MAT 338 Day 41

962 days ago by pub

We start with Z's presentation on computers in conjectures in number theory - the last one!

Last time we ended with two new concepts.  One is that of a Dirichlet series, which essentially is a series gotten from an arithmetic function f(n) by making the series \sum_{n=1}^{\infty}\frac{f(n)}{n^s}=F(s).  The other is the idea of an Euler product, which is what you have if you can write such a series as an infinite product over primes \prod_{p} g(p), where usually g somehow looks like an infinite sum itself.  Our key example was the Riemann zeta function, where we saw that

\zeta(s)=\sum_{n=1}^{\infty}\frac{1}{n^s}=\prod_p \left(\frac{1}{1-p^{-s}}\right)\, ,
which for n=1 one can interpret as the somewhat nonsensical but still fun 
\sum_{n=1}^{\infty}\frac{1}{n}=\prod_p \left(\frac{1}{1-1/p}\right)\, .
 And of course the most famous thing, as we've mentioned several times, is the solution to the Basel problem, when s=2:
zeta(RealField(100)(2));RealField(100)(pi^2/6);sum([RealField(100)(1/n^2) for n in [1..10000]]);prod([RealField(100)(1/(1-1/p^2)) for p in prime_range(10000)]) 
        
1.6449340668482264364724151666
1.6449340668482264364724151666
1.6448340718480597698060818333
1.6449179207462864179339592276
1.6449340668482264364724151666
1.6449340668482264364724151666
1.6448340718480597698060818333
1.6449179207462864179339592276
def Zeta(x): return RR(zeta(x)) plot(Zeta,2,20) 
       

Clearly there must be more efficient ways of calculating it than by hand!  But the product seems to converge faster.

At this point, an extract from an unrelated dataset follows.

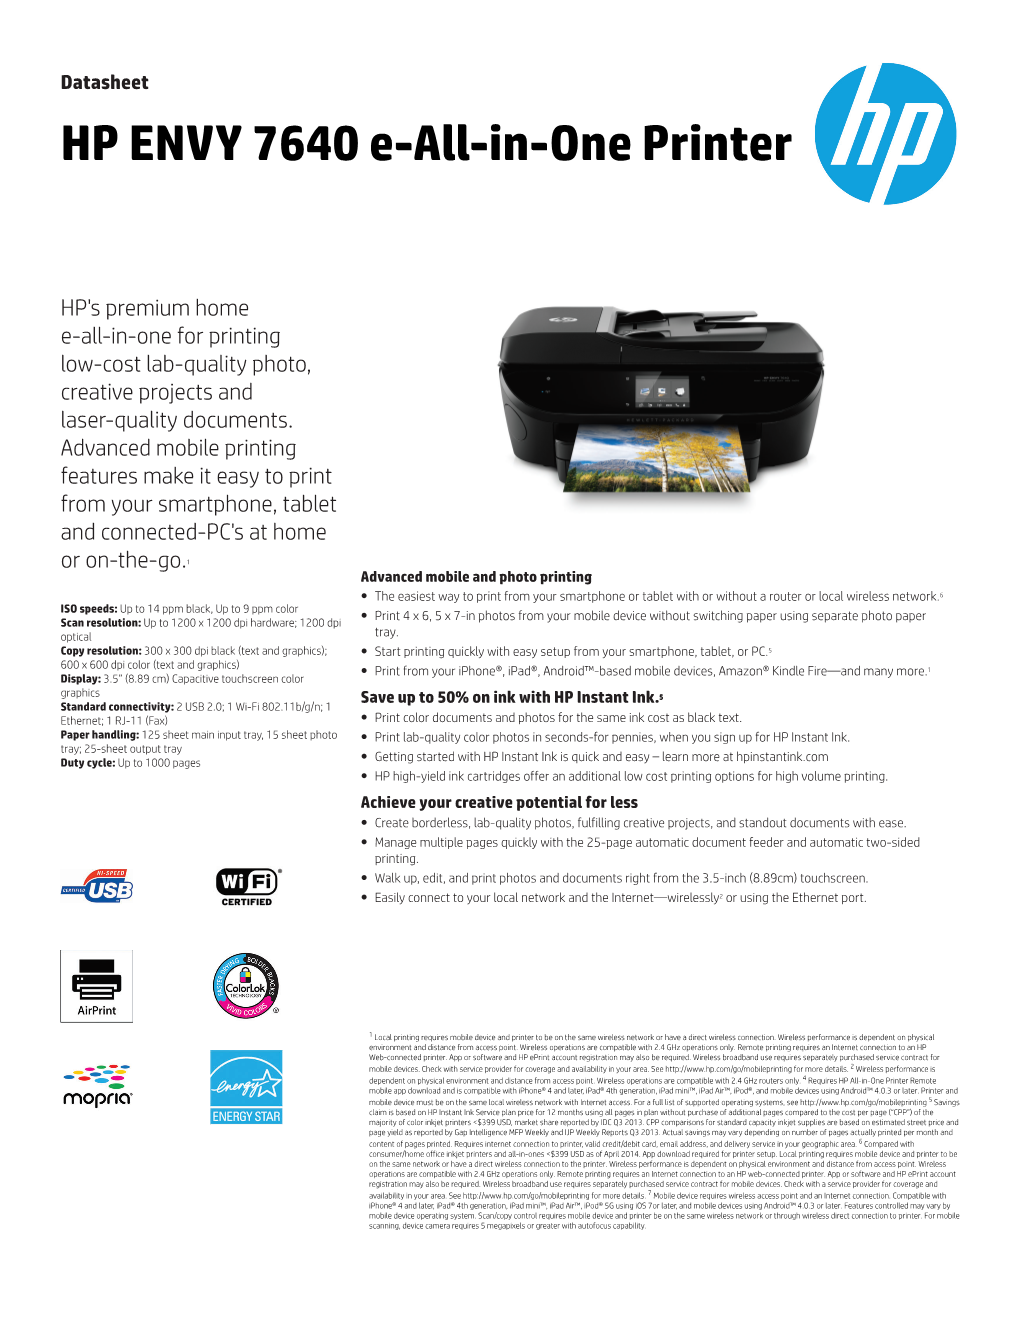 HP ENVY 7640 E-All-In-One Printer Datasheet

Let's see this process one more time, for another function.  After all, convergence for just the sum of \frac{1}{n^s} is a little familiar.  Theorem 9.7 shows that such series will converge and have Euler product representations, but let's do it specifically for the Dirichlet series we get from \mu(n) - namely, we want to prove that

\sum_{n=1}^{\infty}\frac{\mu(n)}{n^s}=\prod_{p}\left(1-\frac{1}{p^s}\right)=\prod_p (1-p^{-s})
wherever these make sense.  We start with the identity we already know:
\sum_{d\mid n}\frac{\mu(d)}{d}=\prod_{p\mid n}(1-p^{-1})\, .
 Assuming we multiply these products out through the kth prime, we get
\prod_{i=1}^k \left(1-\frac{1}{p_i}\right)=1-\frac{1}{p_1}-\frac{1}{p_2}-\cdots +\frac{1}{p_1 p_2}+\frac{1}{p_1 p_3}+\cdots -\frac{1}{p_1 p_2 p_3}-\frac{1}{p_1 p_2 p_4}-\cdots = \sum_{n\text{ squarefree and only }p_i\mid n,1\leq i\leq k}\frac{\mu(n)}{n}\, .
 This might take a little bit to assimilate, so let's stare at it for a while.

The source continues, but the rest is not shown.